Éric Toussaint n’oublie pas non plus la lutte contre les inégalités : « une des mesures fondamentales du programme cohérent dont j’ai parlé est l’imposition des plus riches. Comme Thomas Piketty, je suis partisan de créer un impôt confiscatoire 80 à 90% sur le revenu du 1% le plus riche de la population. La concentration de richesse est intolérable. Franklin Delano Rosevelt, président des États-Unis, l’a fait en 1938 et ce n’était pourtant pas un homme de gauche. Sur base de ces revenus un gouvernement progressiste pourrait mettre en marche un nouveau modèle économique et social. »

"L’austérité n’est pas la solution, elle ne conduit qu’à une augmentation de la dette publique".

"Le problème" comme le reconnaît Éric Toussaint, "est de passer de la volonté de changement à l’expression politique de ce changement". Mais il est néanmoins optimiste : il dit qu’il est enthousiasmé par l’action des Indignés et du 15-M et salue avec sympathie l’irruption du nouveau parti Podemos. Il félicite le 15-M pour sa lutte en faveur d’un "audit citoyen de la dette", une action citoyenne qui d’après ses mots « veut comprendre d’où vient la dette publique en même temps que questionner sa légitimité."

La Troïka (Commission européenne, BCE
et FMI

) pèse de toutes ses forces pour que les citoyens paient la dette quel qu’en soit le prix, la question de la dette est l’élément central du discours alternatif du penseur belge qui comme président du Comité pour l’Annulation de la dette du Tiers Monde en a fait son cheval de bataille. Il n’est pour lui pas acceptable moralement qu’un pays doive couper dans ses dépenses de santé ou d’éducation pour payer sa dette surtout sans avoir fait un audit de la dette qui permette de déterminer quelle est la part illégitime et/ou illégale de la dette. La réalisation d’audits de la dette est une obligation pour chaque pays : "si on veut une sortie juste de la crise pour les citoyens, il faut annuler le paiement de la partie de la dette qui sera identifiée comme illégitime".

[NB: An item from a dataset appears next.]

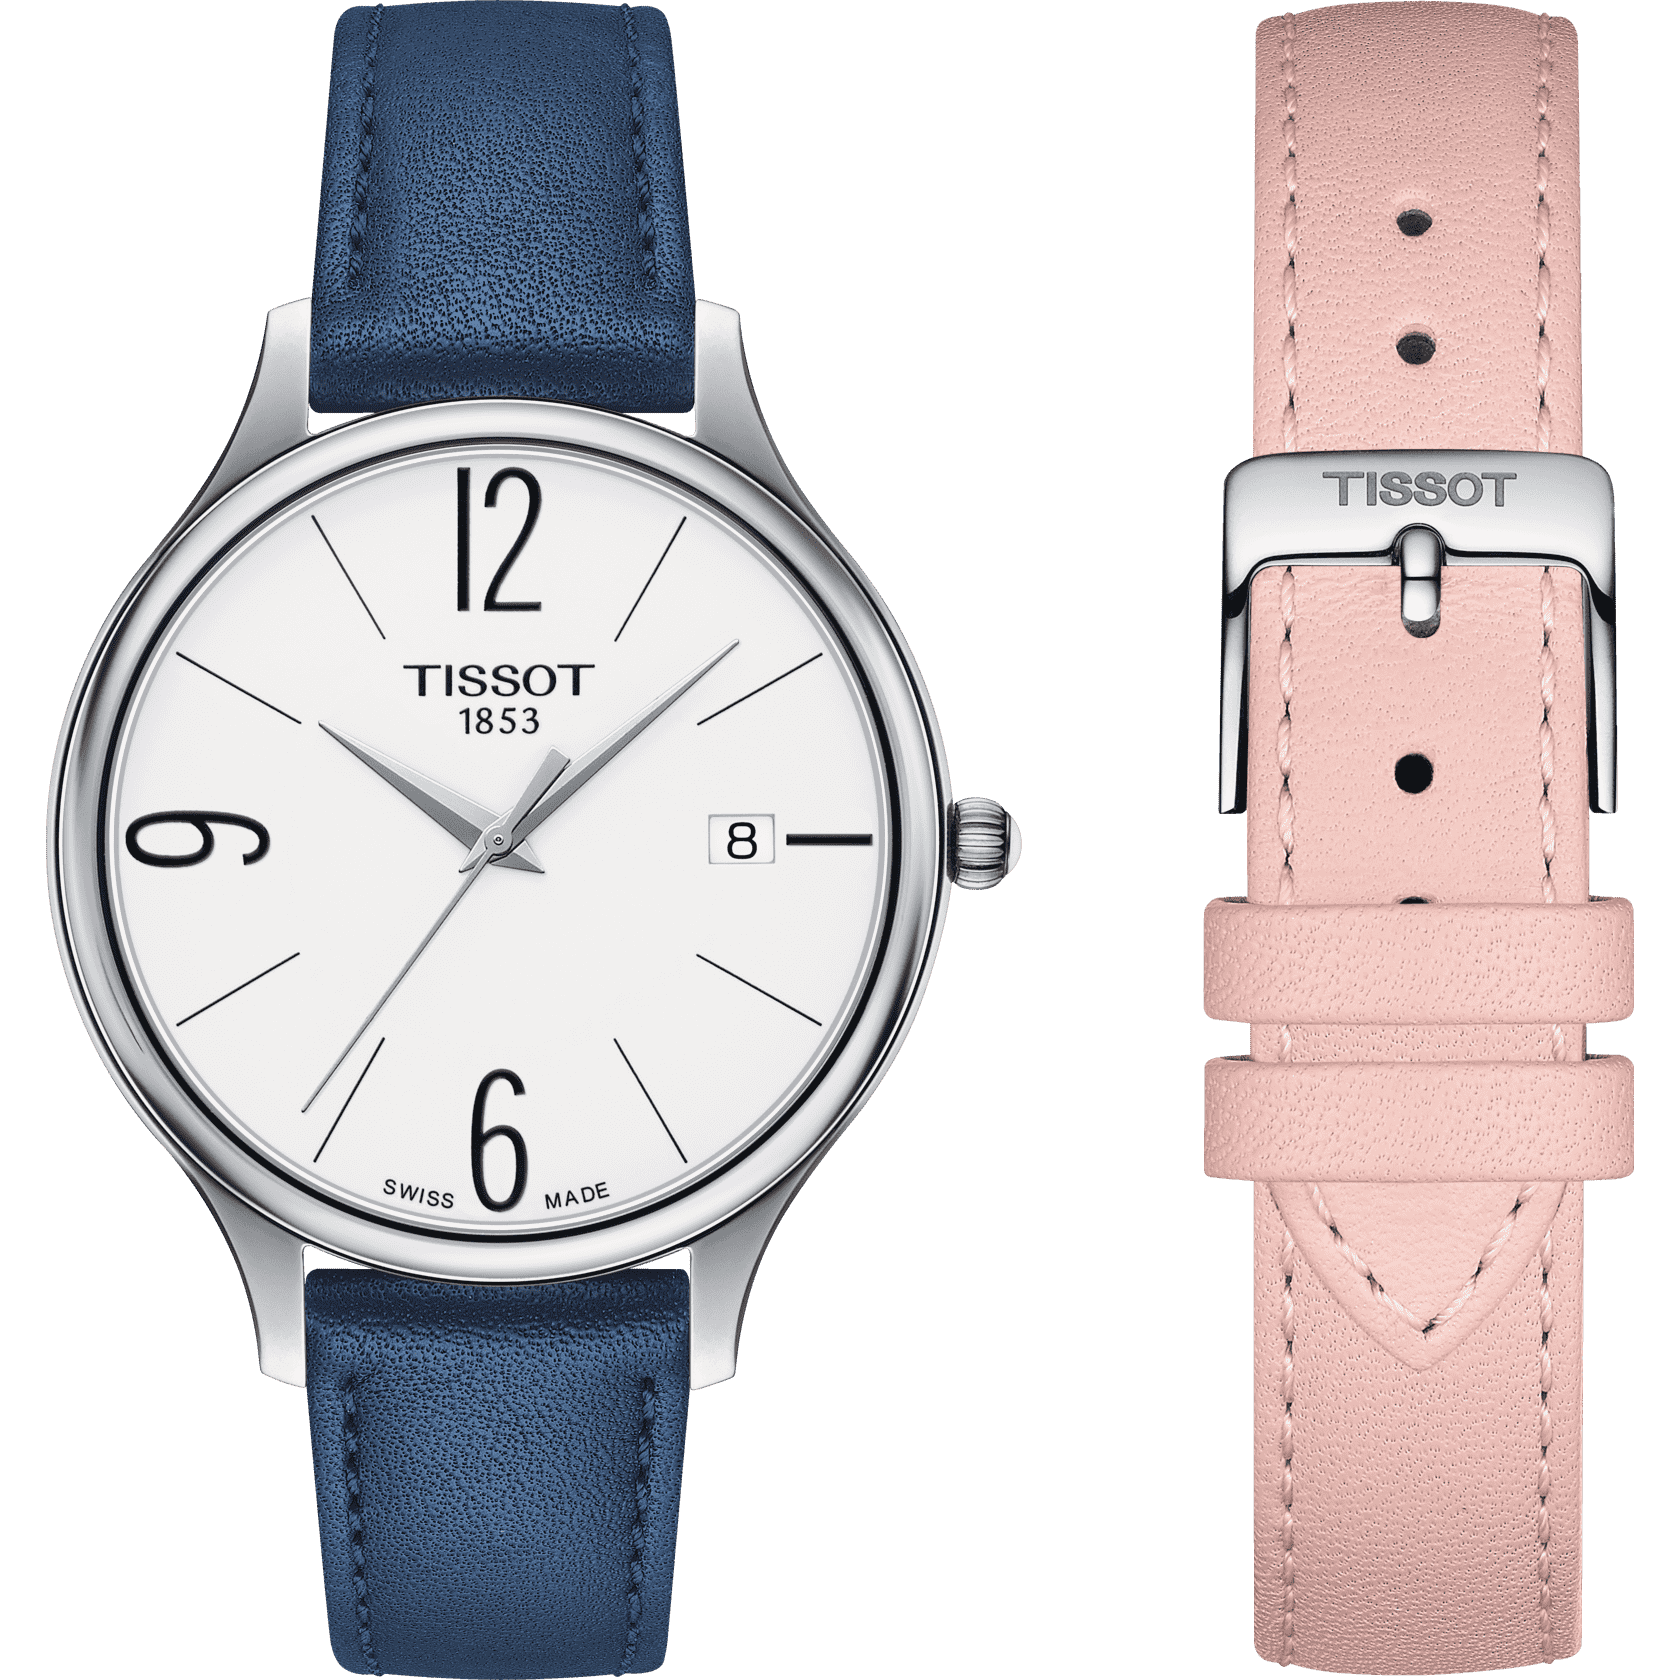 Nomos Watch Replica Where Can I Buy 2018 Forum

Le refus de payer une partie de la dette n’est nullement une utopie. Éric Toussaint le sait et met en avant l’exemple de l’Équateur pour lequel il a conseillé le président Rafael Correa : Il est possible de le faire. L’Équateur l’a fait en 2008 et 2009 avec succès et des pays comme l’Espagne, la Grèce, le Portugal, l’Irlande et Chypre peuvent faire de même. Pourquoi pas ? Les créanciers de la dette publique sont largement les grandes banques privées qui ont été sauvées avec l’argent public qu’elles ont ensuite utilisé pour acheter les titres de la dette
publique de ces pays."

Traduction : Virginie de Romanet

Voir en ligne : http://www.publico.es/dinero/531461/eric-toussaint-si-la-ue-estuviera-...

»» http://cadtm.org/Eric-Toussaint-Si-l-Union

Notes

|1| La version originale est parue en espagnol le 1 juillet 2014 http://www.publico.es/dinero/531461/eric-toussaint-si-la-ue-estuviera-... et http://cadtm.org/Eric-Toussaint-Si-... Les notes de bas de page sont de la responsabilité du CADTM.

|2| Publico.es (http://www.publico.es/ ) est un média indépendant espagnol. Son audience est tout à fait considérable : rien que pour le mois de juin 2014, son site a reçu plus de 18 millions de visites (dont 7.600.000 étaient des visiteurs uniques). La quantité de pages visitées en juin : 40 millions environ. L’équivalent de 30 personnes à temps plein sont employées par Publico.es La Tuerka, son émission politique quotidienne télévisée (d’une durée de 1h30, 20h45-23h15) est en général suivie par 40 000 personnes.

|3| Les deux partis qui alternent au gouvernement, le Parti Populaire et le Parti Socialiste (PSOE), ont perdu les élections tandis que plusieurs formations de gauche radicale (Podemos, Izquierda Unida, et, au pays basque, Bildu...) ont reçu un très important soutien populaire et ont pu envoyer une douzaine de députés au parlement européen (note de la traduction).